Of course, there need to be upper limits of size beyond which minor structures would continue to require normal building approval for public safety and health reasons. The works which are exempted will be detailed in regulations. The Bill will also exempt existing minor building structures from the building approval process. This will at one stroke remove a lot of the inconvenience which so often is met during the selling and buying of established homes. Conveyancing solicitors will be made aware of these exemptions and it is anticipated that it will have some impact on conveyancing costs.

Certain other kinds of approval will still be necessary. If the place is on the heritage places register or provisional heritage places register, work will be controlled under the Land (Planning and Environment) Act 1991. If water or electricity is connected to the building, the existing regulations for plumbers and electricians would continue to apply. So it is not open slather to do the wiring for your pergola yourself; public safety considerations apply. Certain building control powers are retained in relation to minor building works where considered necessary to minimise the risk of adverse effects on health or safety or on visual amenity. A power of demolition will remain for instances where the work is unsafe, does not meet the design and siting or easements requirements, or the conditions of the lease. To ensure that the building controller has power over exempting building on easements for electricity and other utilities, the Bill will extend the building controller's existing demolition powers. Madam Speaker, the Bill reduces the cost of minor home improvements, simplifies the process of conveyancing, and releases public resources to be employed more productively. I present the explanatory memorandum for the Bill.

Debate (on motion by Mr Kaine) adjourned.

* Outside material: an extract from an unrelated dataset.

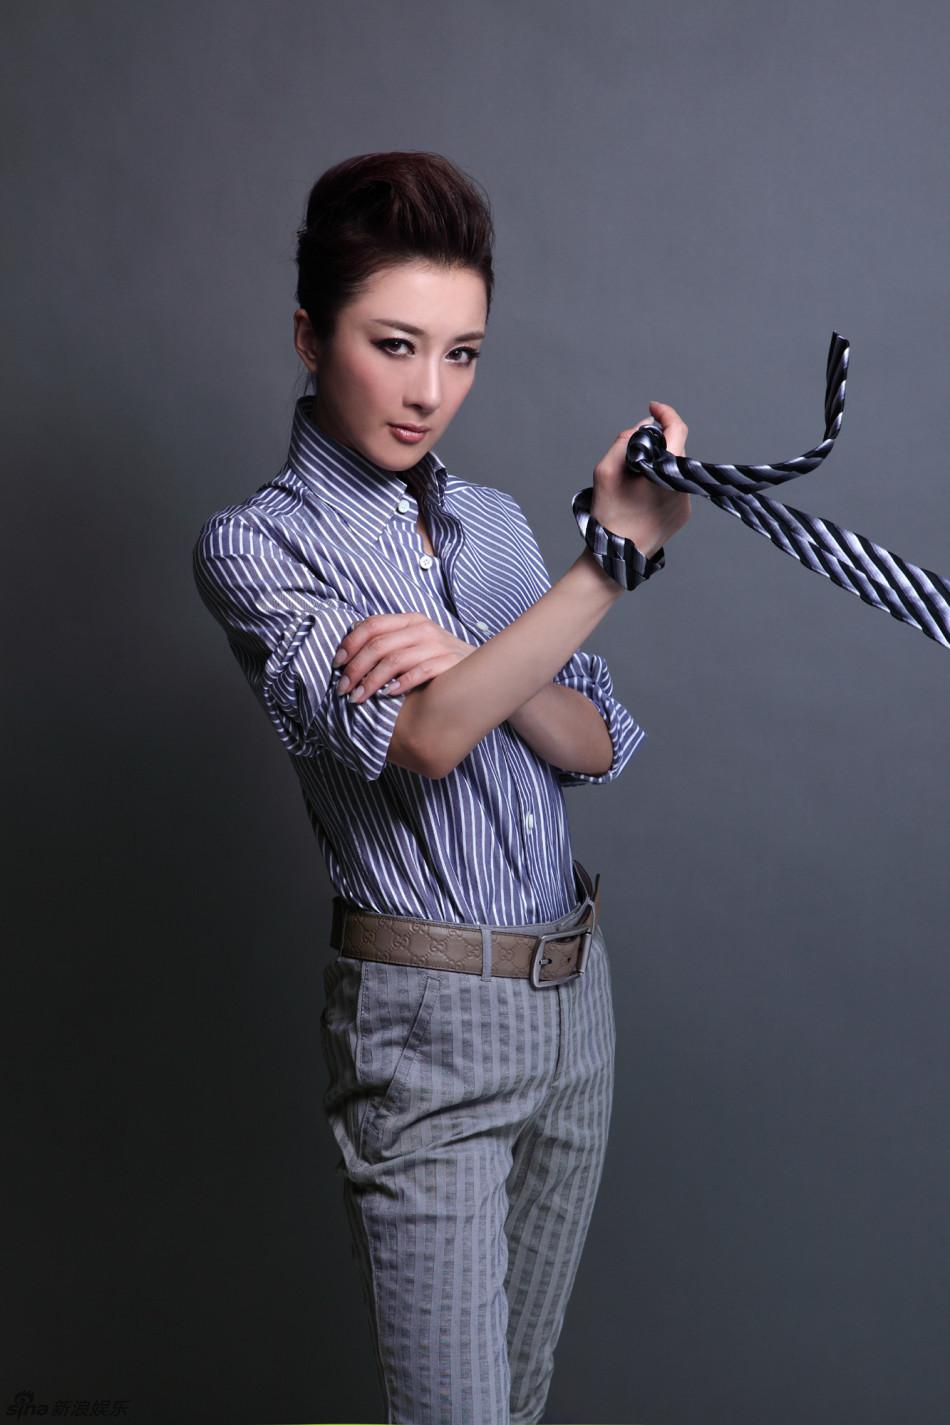 http://www.sinaimg.cn/dy/slidenews/4_img/2013_12/704_913847_521239.jpg

NRMA-ACT ROAD SAFETY TRUST BILL 1992

MR CONNOLLY (Attorney-General, Minister for Housing and Community Services and Minister for Urban Services) (11.23): I present the NRMA-ACT Road Safety Trust Bill 1992.

Title read by Clerk.

MR CONNOLLY: Madam Speaker, I move:

That this Bill be agreed to in principle.

The purpose of this Bill is to give legislative force to the charitable nature of the NRMA-ACT Road Safety Trust and provide for appropriate exemptions from liability for the trustees, the NRMA and the ACT Government in respect of activities undertaken in fulfilling the aims of the trust.